In [139]:
# Plotting groups of categorical variables is so far proving fruitless. Connections must be there (I hope), but how to find them is difficult. I think it is time to 
# just start forming a logistic regression model and see what happens. I am hoping it will give any insight into how different characteristics effect injury severity.
# This notebook will be a first attempt at a simple random forest classifier. 

In [140]:
import pandas as pd
import numpy as np
import matplotlib.pyplot as plt
import seaborn as sns
from imblearn.over_sampling import SMOTE

sns.set_style("whitegrid")

In [141]:
data = '/home/wbrave1/Desktop/erdos/Bicycle-Safety/data/NCDOT_BikePedCrash.csv'

BikeCrash = pd.read_csv(data)

In [142]:
# I think for the sake of simplicity, I will take only a few features from the whole dataset. BikeInjury, Weather, CrashHour, CrashDay, and CrashMonth. This choice is made 
# because everythin besides BikeInjury can be encoded in a straightforward way. Weather will be one hot encoded, CrashMonth numbered 1 to 12.

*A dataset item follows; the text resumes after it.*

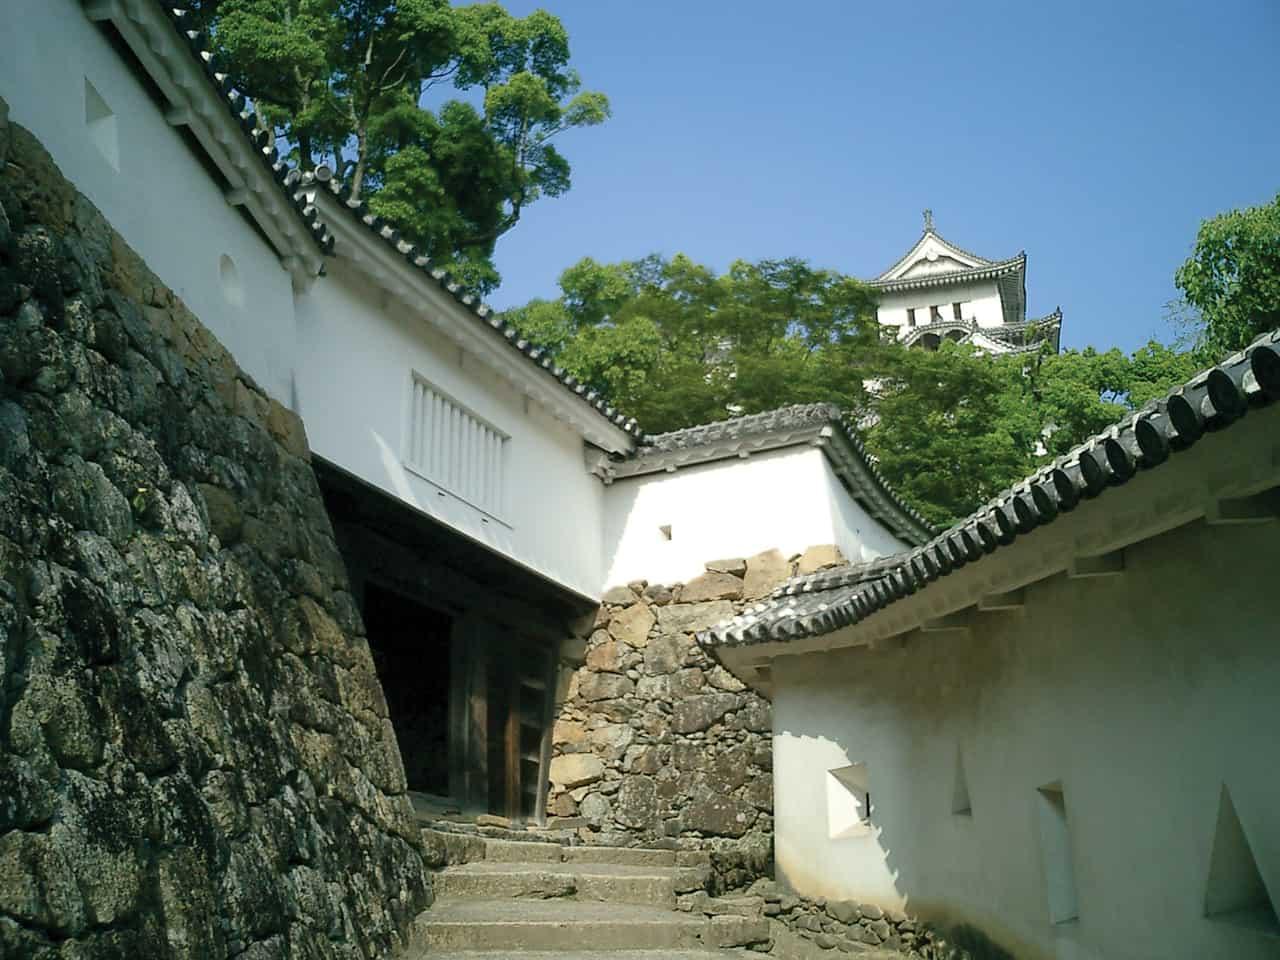 รอบๆ ปราสาทฮิเมจิ (Himeji Castle) เมือง ฮิเมจิ ใกล้กับ อากาชิ และ โกเบ

features = ['BikeInjury', 'Weather', 'CrashHour', 'CrashDay', 'CrashMonth', 'RdConfig']

#features = ['BikeInjury', 'Weather', 'CrashHour', 'CrashDay', 'CrashMonth']

BikeCrashTrunc = BikeCrash[features]

In [143]:
WeekDays = ['Sunday', 'Monday', 'Tuesday', 'Wednesday', 'Thursday', 'Friday', 'Saturday']

BikeCrashTrunc['CrashDay'] = pd.Categorical(BikeCrashTrunc['CrashDay'], categories=WeekDays, ordered=True)

BikeCrashTrunc = BikeCrashTrunc.sort_values(by='CrashDay')

cat_columns = BikeCrashTrunc.select_dtypes(['category']).columns

BikeCrashTrunc[cat_columns] = BikeCrashTrunc[cat_columns].apply(lambda x: x.cat.codes)

A value is trying to be set on a copy of a slice from a DataFrame.
Try using .loc[row_indexer,col_indexer] = value instead

See the caveats in the documentation: https://pandas.pydata.org/pandas-docs/stable/user_guide/indexing.html#returning-a-view-versus-a-copy
  BikeCrashTrunc['CrashDay'] = pd.Categorical(BikeCrashTrunc['CrashDay'], categories=WeekDays, ordered=True)


In [144]:
Months = ['January', 'February', 'March', 'April', 'May', 'June', 'July', 'August', 'September', 'October', 'November', 'December']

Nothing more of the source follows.